MySQL 可以从事件调度程序创建新分区吗

发布于 2024-08-12 08:45:29 字数 679 浏览 1 评论 0原文

我有一个看起来像这样的表:

CREATE TABLE `Calls` (
  `calendar_id` int(11) NOT NULL,
  `db_date` timestamp NOT NULL,
  `cgn` varchar(32) DEFAULT NULL,
  `cpn` varchar(32) DEFAULT NULL,
  PRIMARY KEY (`calendar_id`),
  KEY `db_date_idx` (`db_date`)
) 
 PARTITION BY RANGE (calendar_id)(
   PARTITION p20091024 VALUES LESS THAN (20091024) ,
   PARTITION p20091025 VALUES LESS THAN (20091025));

我可以以某种方式使用 mysql 调度程序自动添加一个新分区(提前 2 天) - 我正在寻找一个示例,每天都会添加一个新分区 - 它' d 运行类似于

alter table Calls add partition (partition p20091026 values less than(20091026));

计划任务运行时构造 p20091026/20091026 的内容,从现在 + 2 天得出值。 (或者我最好通过 cron 编写脚本吗?)

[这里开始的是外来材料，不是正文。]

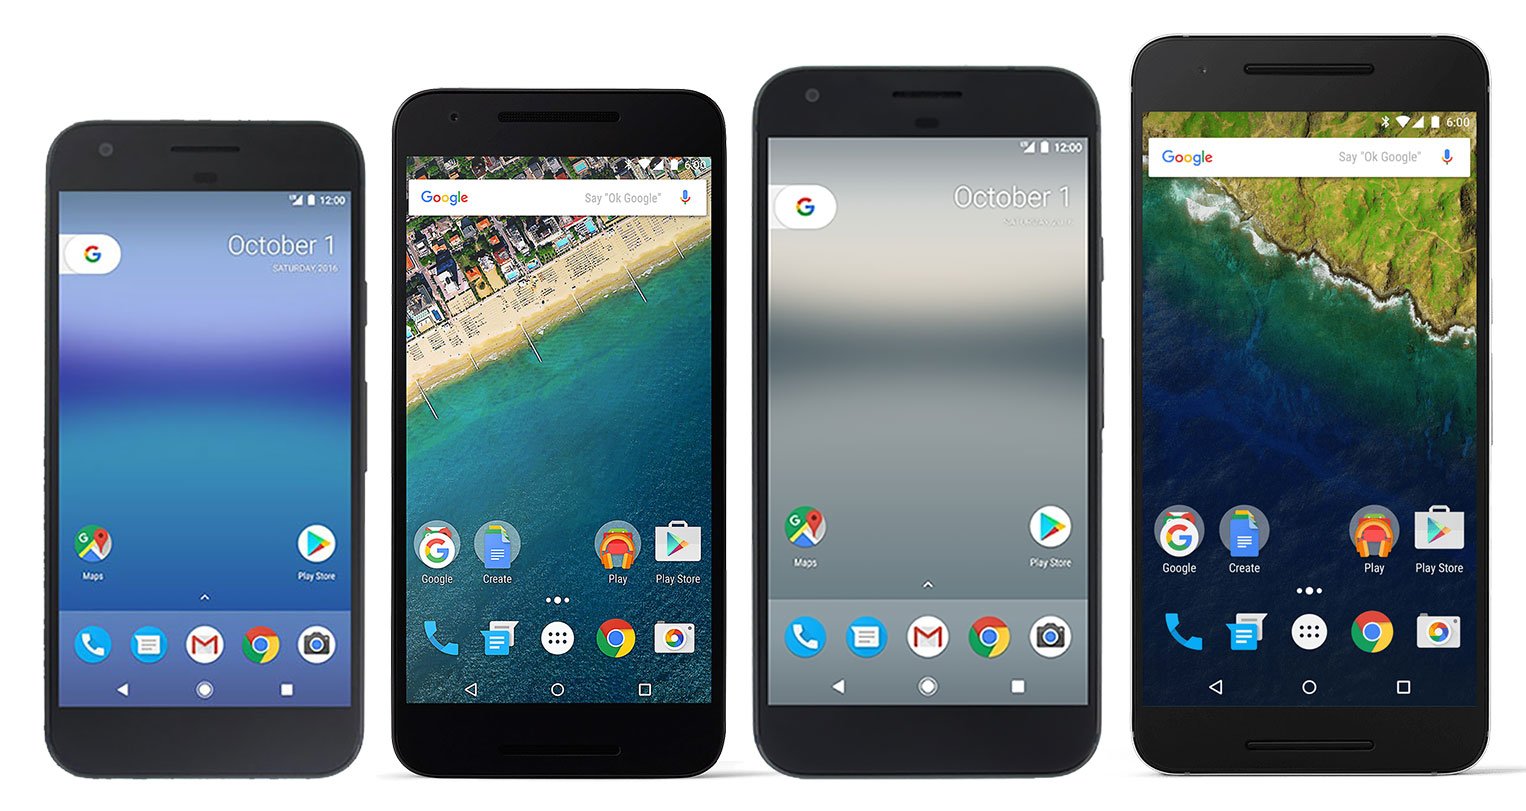 Pixel, Nexus 5X, Pixel XL, Nexus 6P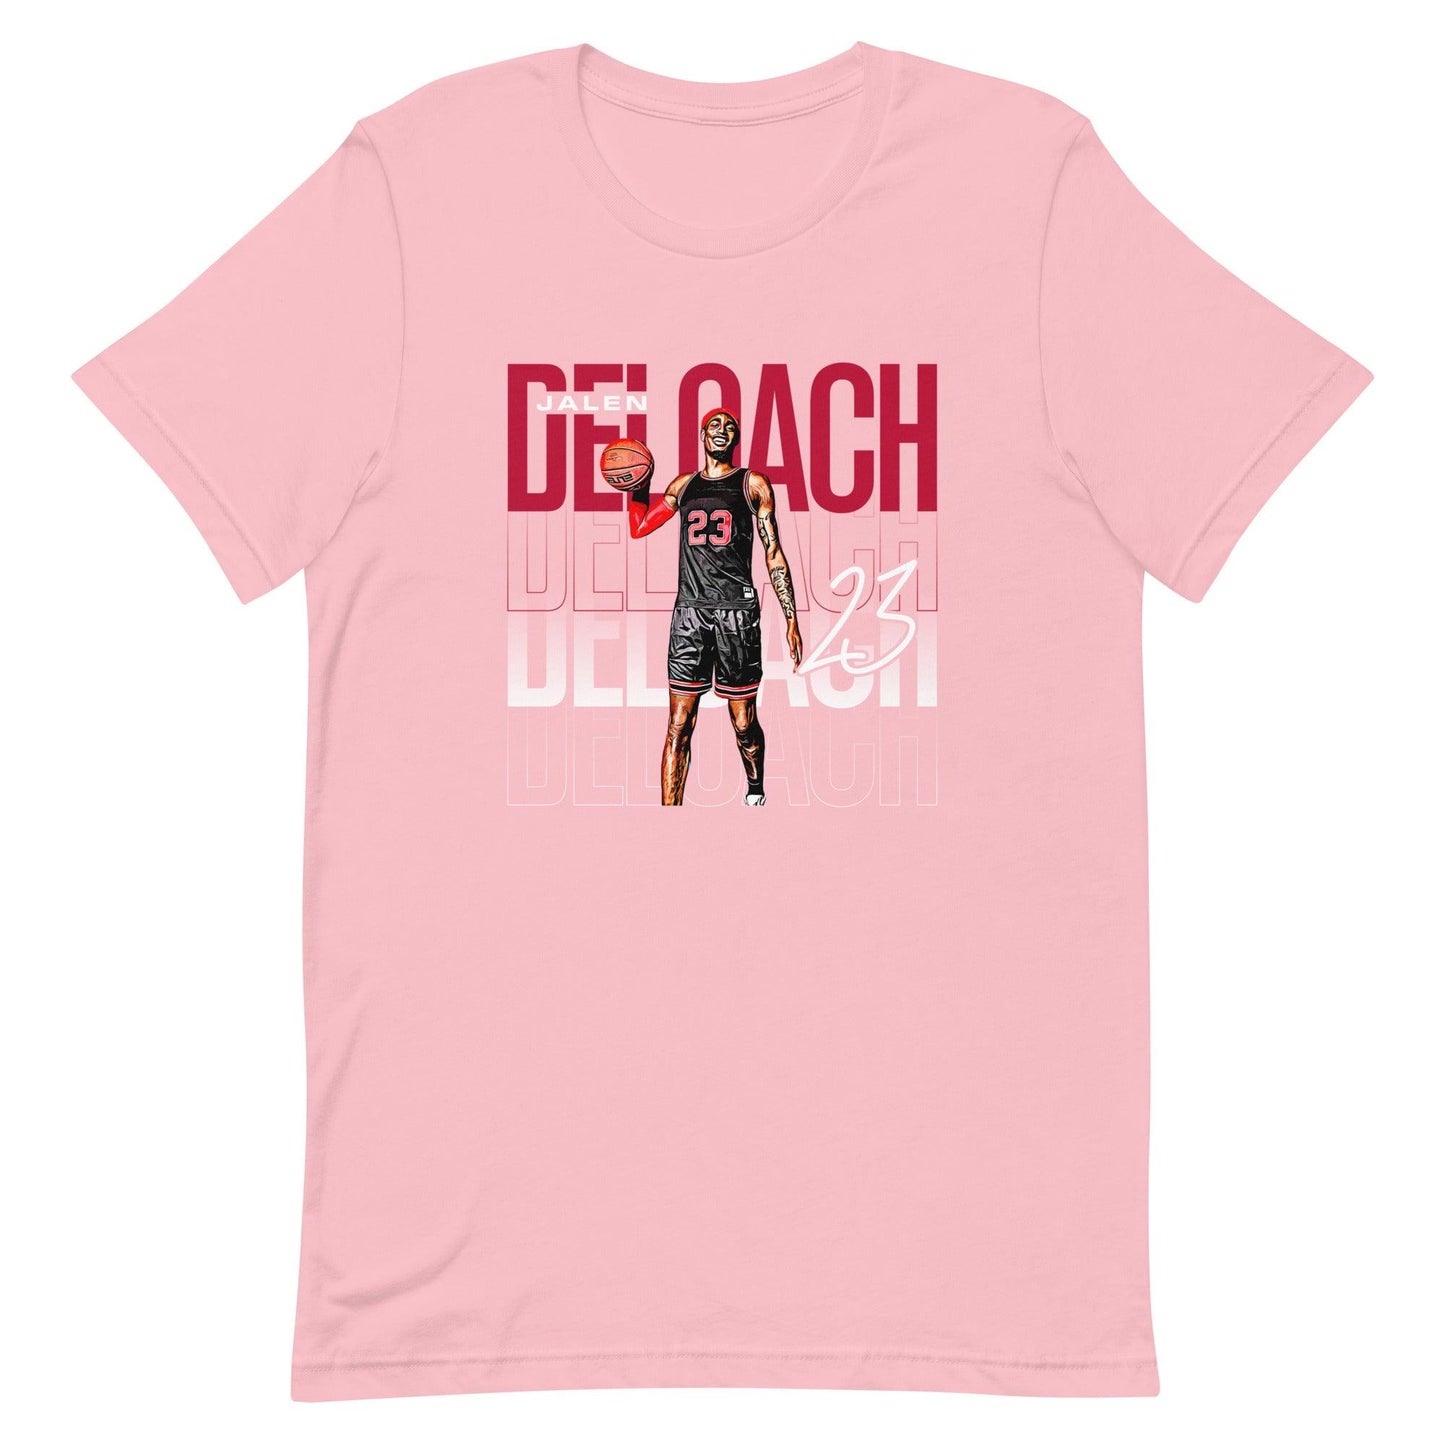 Jalen Deloach "Gameday" t-shirt - Fan Arch

I'm having a table looking something like this:

CREATE TABLE `Calls` (
  `calendar_id` int(11) NOT NULL,
  `db_date` timestamp NOT NULL,
  `cgn` varchar(32) DEFAULT NULL,
  `cpn` varchar(32) DEFAULT NULL,
  PRIMARY KEY (`calendar_id`),
  KEY `db_date_idx` (`db_date`)
) 
 PARTITION BY RANGE (calendar_id)(
   PARTITION p20091024 VALUES LESS THAN (20091024) ,
   PARTITION p20091025 VALUES LESS THAN (20091025));

Can I somehow use the mysql scheduler to automatically add a new partition(2 days in advance) - I'm looking for an example that would, every day add a new partition - it'd run something like

alter table Calls add partition (partition p20091026 values less than(20091026));

Where p20091026/20091026 is constructed when the scheduled task run, deriving the value from now + 2 day. (Or am I better of scripting this through cron ?)

如果你对这篇内容有疑问,欢迎到本站社区发帖提问 参与讨论,获取更多帮助,或者扫码二维码加入 Web 技术交流群。

扫码二维码加入Web技术交流群

发布评论

需要 登录 才能够评论, 你可以免费 注册 一个本站的账号。

评论(2

淡淡绿茶香 2024-08-19 08:45:29

是的,你可以这样做。

请注意,默认情况下调度程序未处于活动状态(请参阅事件调度程序配置),所以这不是一个零风险的选择。例如,如果您的运营团队将您的应用程序迁移到新服务器,但忘记启用调度程序,您的应用程序将被淹没。还需要特殊权限,这可能再次需要在新服务器上设置。

我的建议:首先,创建一个存储过程(请参阅下面的代码示例)来处理定期分区维护:如果表变得太大,则删除旧分区,并添加足够的新分区(例如 1 周),以便即使维护过程不存在只要不运行一段时间,你的应用程序就不会死掉。

然后冗余地安排对该存储过程的调用。使用 MySQL 调度程序、使用 cron 作业以及使用您喜欢的任何其他方式。这样,如果一个调度程序不起作用,另一个调度程序就可以弥补这一不足。如果您正确设计了存储过程,那么在不需要执行任何操作的情况下执行无操作应该很便宜。您甚至可能想从应用程序中调用它,例如作为生成长期运行的报告时的第一个语句,或者作为日常 ETL 流程的一部分(如果有)。我的观点是,计划任务的致命弱点是确保调度程序实际上正在工作——所以请考虑这里的冗余。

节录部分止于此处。